**YOUR TASK:** Transcribe the listing in full, word for word; pictures do not belong in the copy.

**GIVEN MATERIAL:**
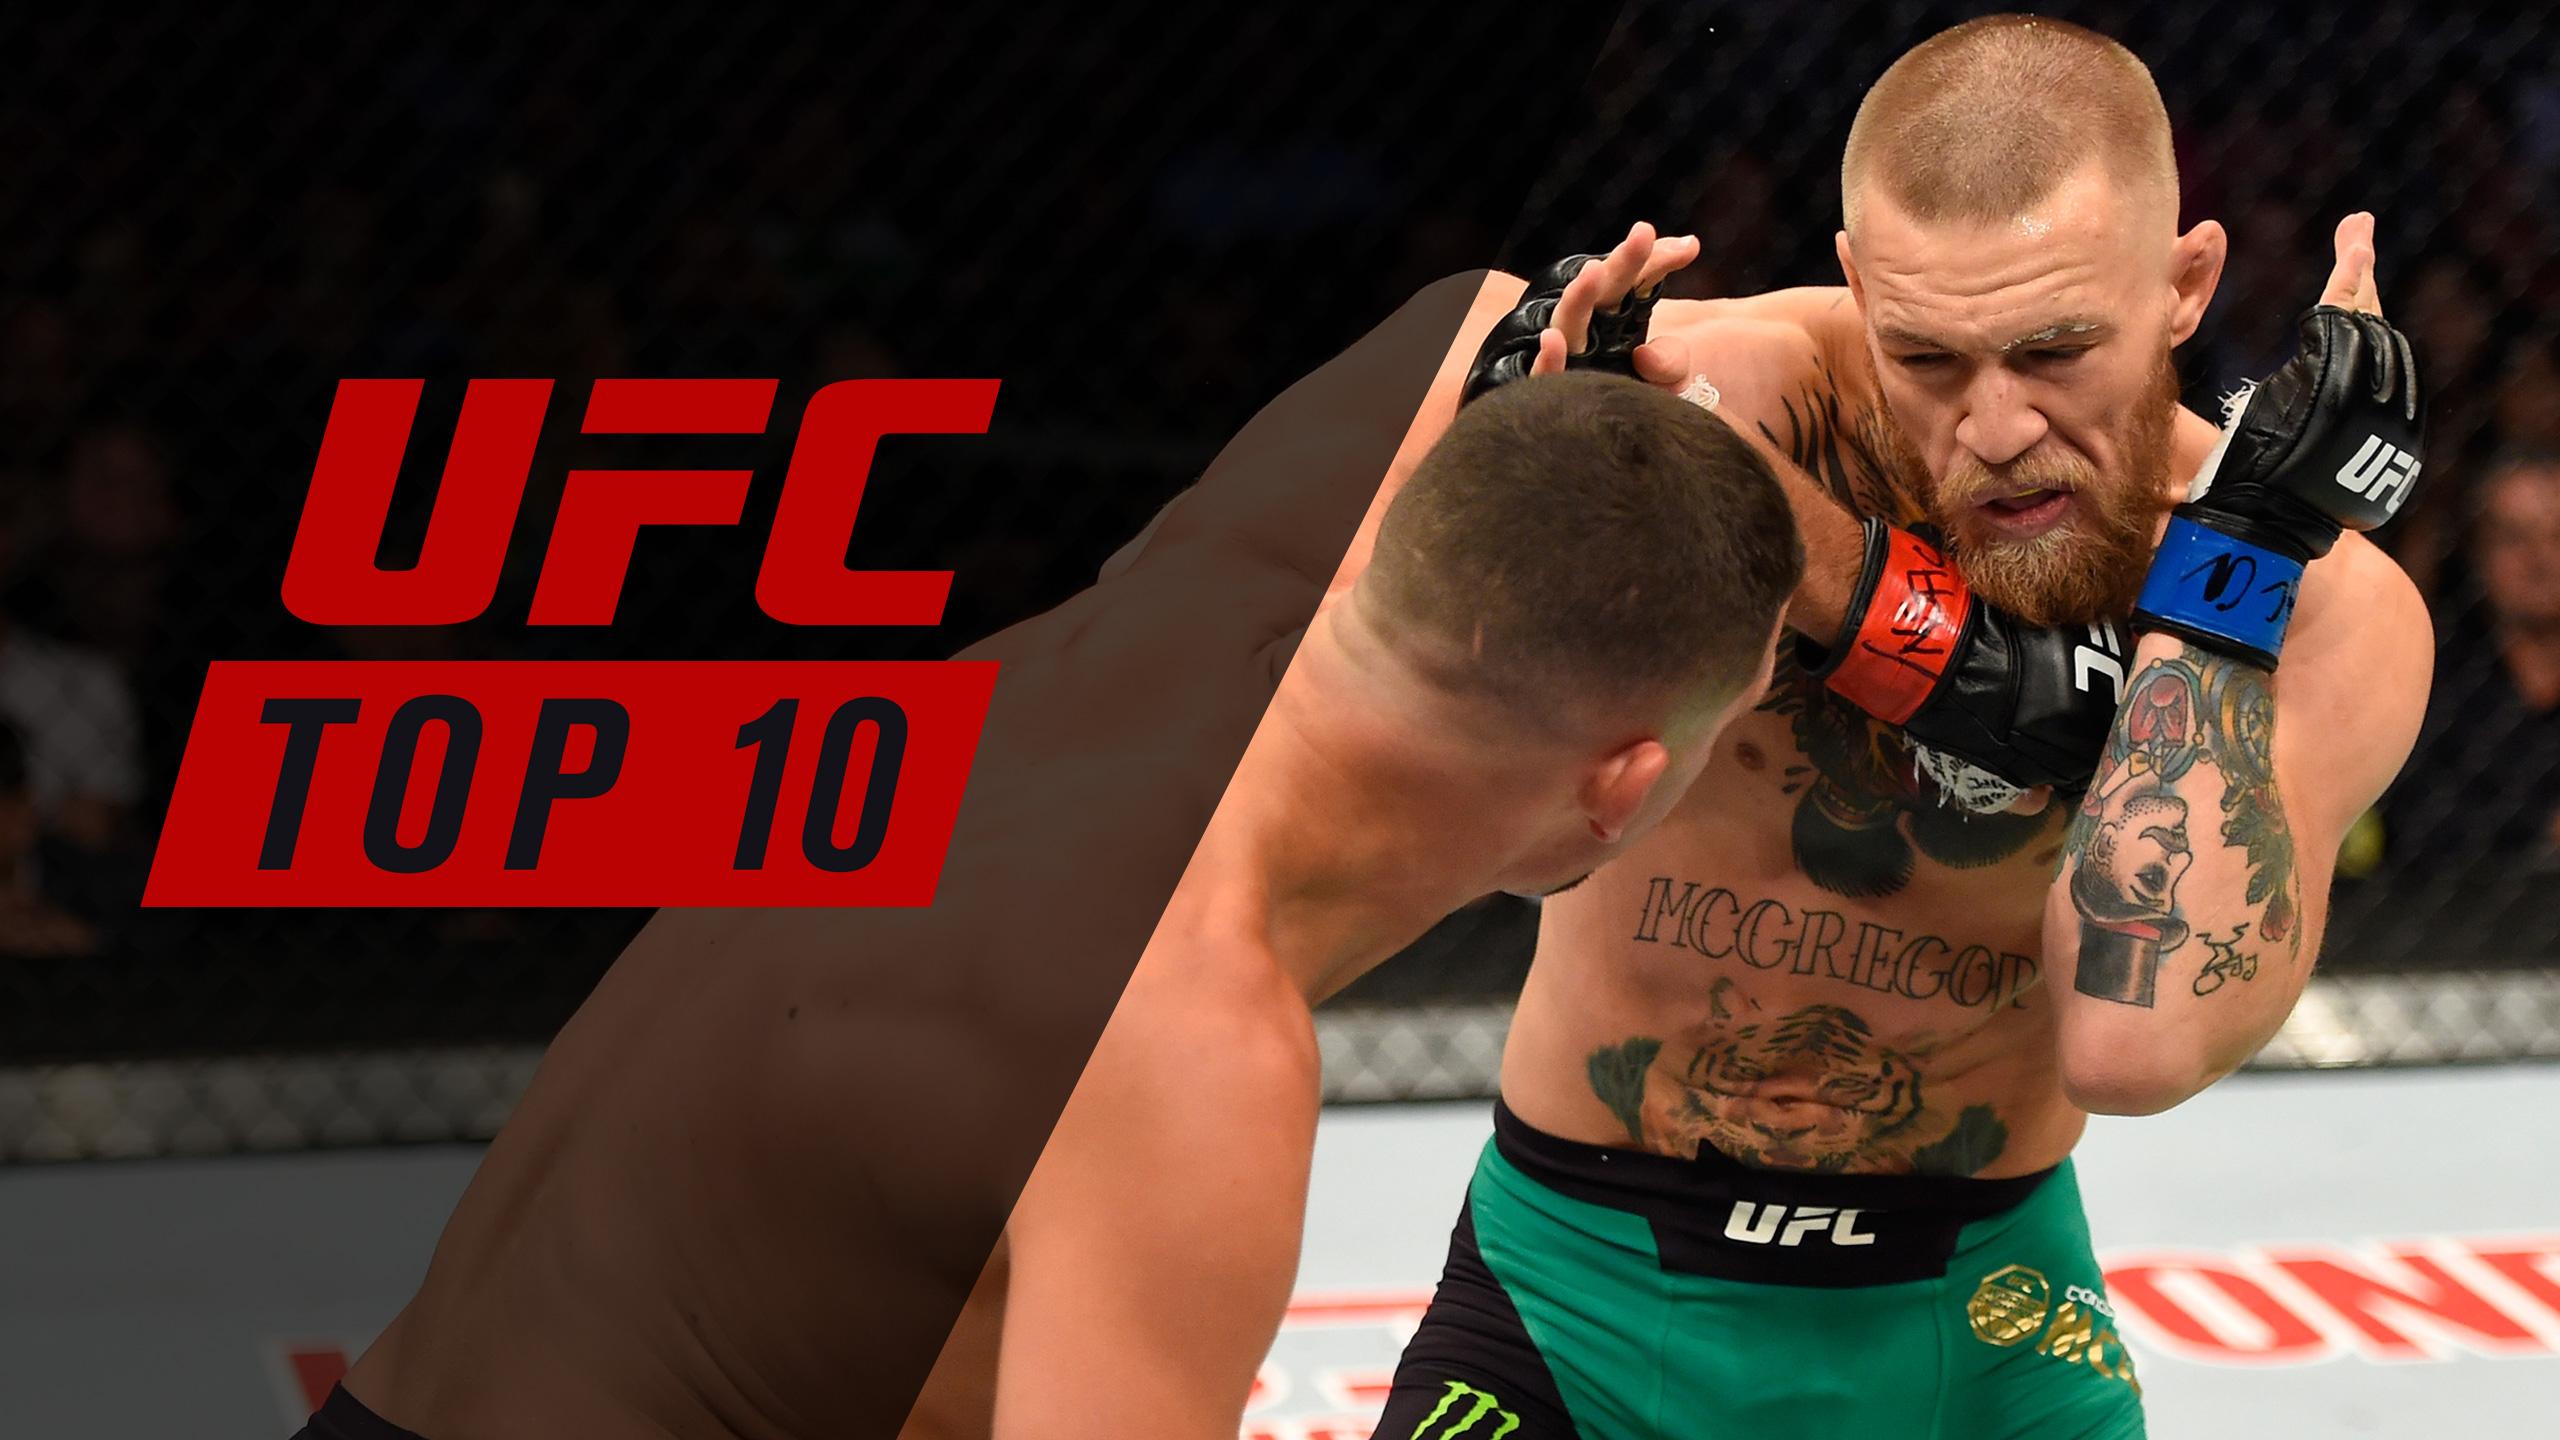 UFC Top 10: Upsets
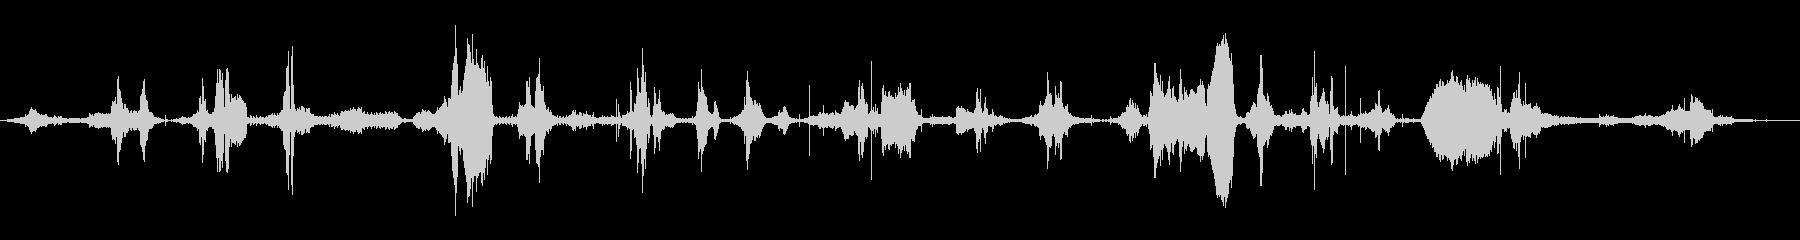 ラジオチューニング音 の未再生の波形
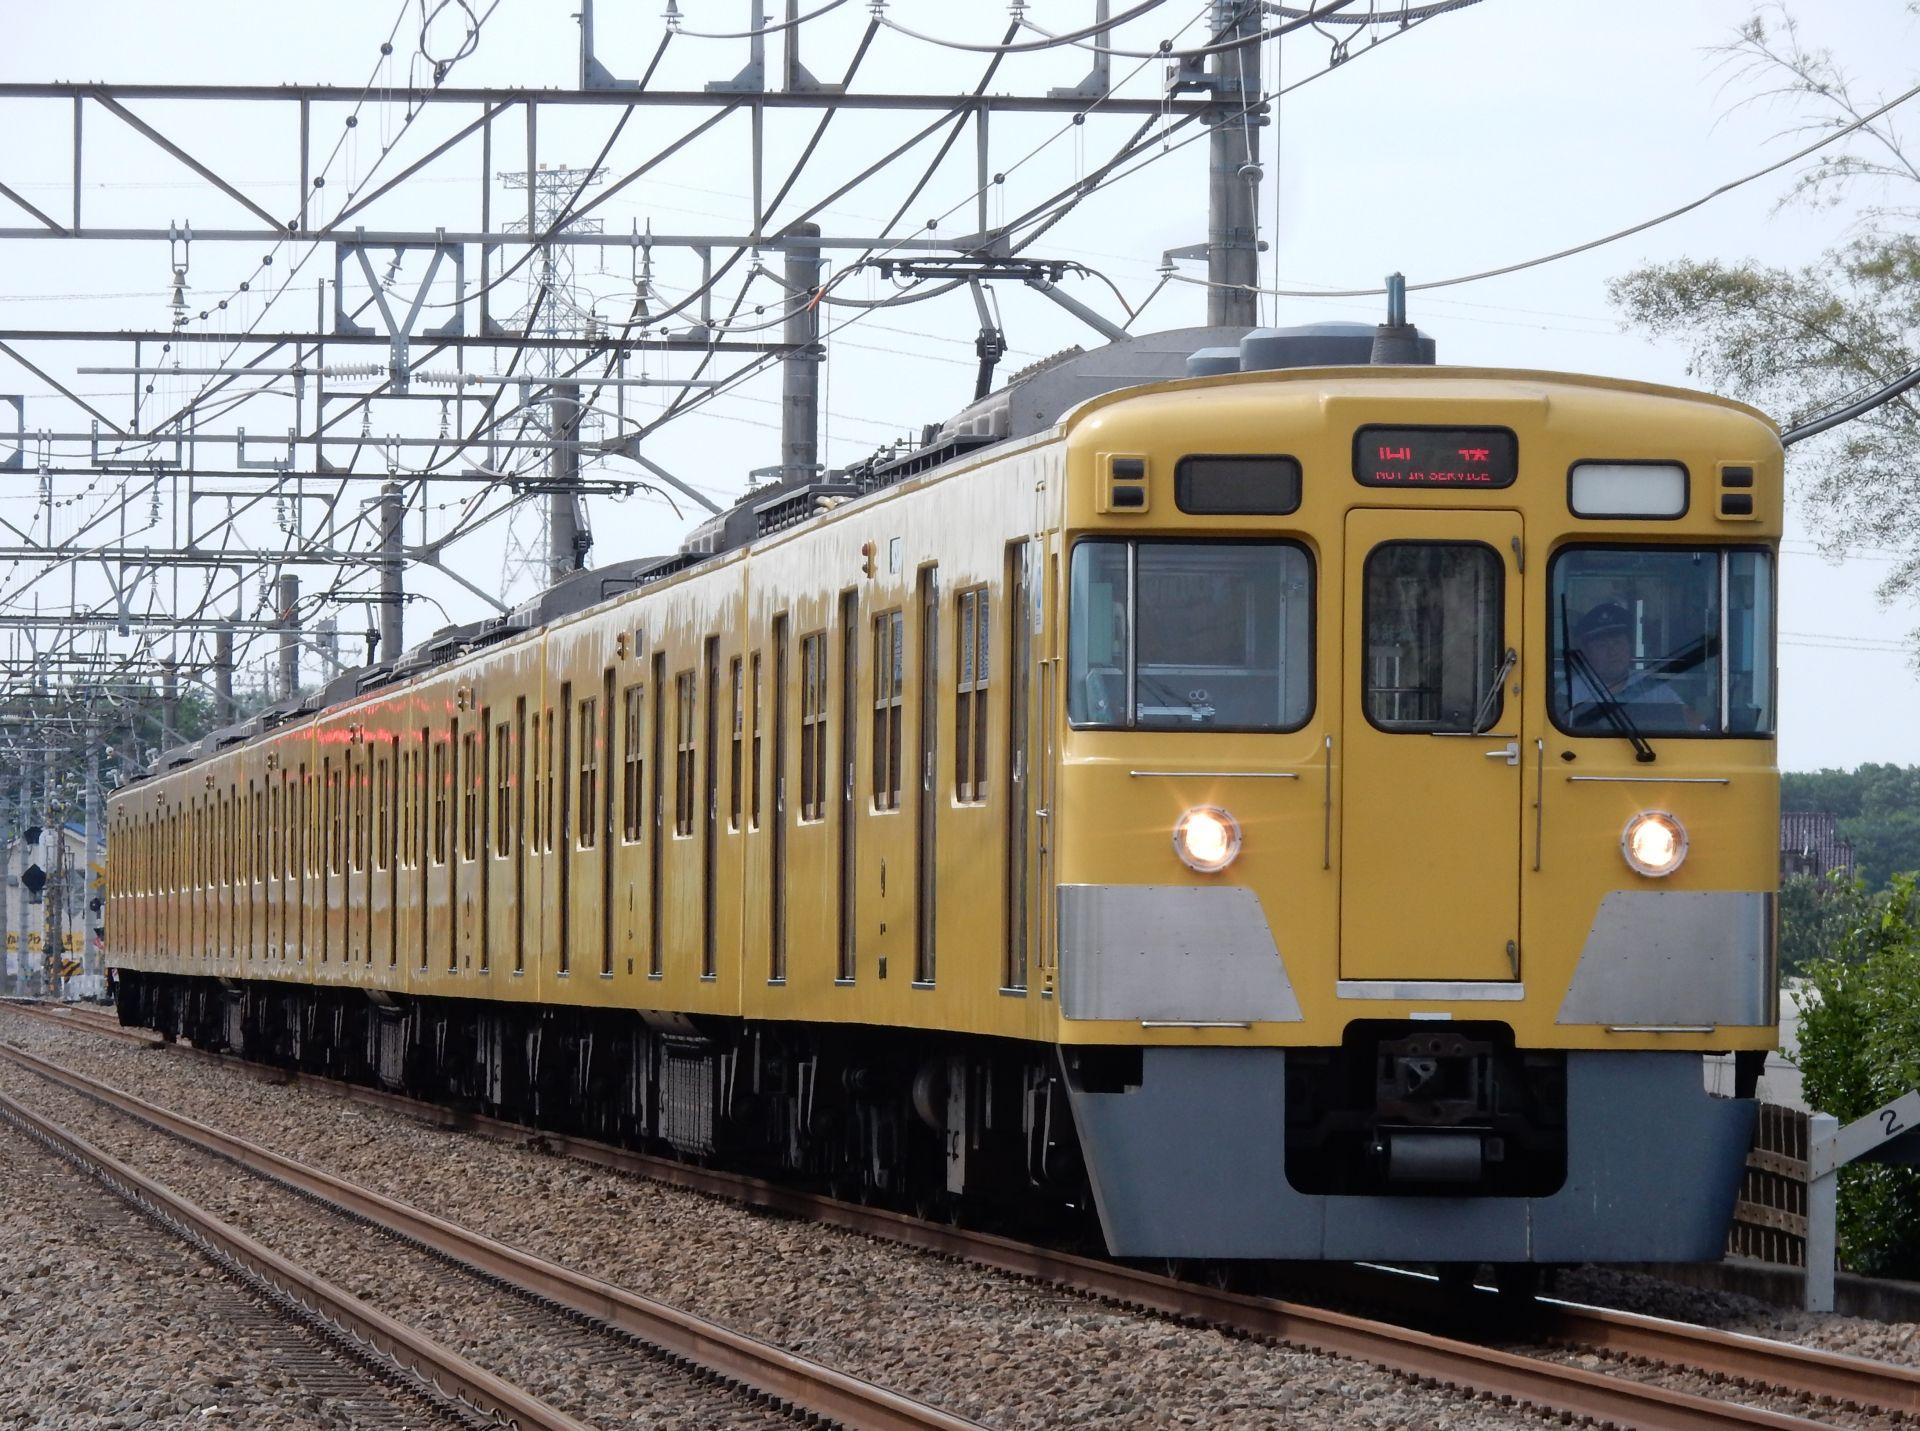 DSCN0656 - コピー

**RESULT FOR THIS TASK:**
 UFC Top 10: Upsets
 ラジオチューニング音 の未再生の波形
 DSCN0656 - コピー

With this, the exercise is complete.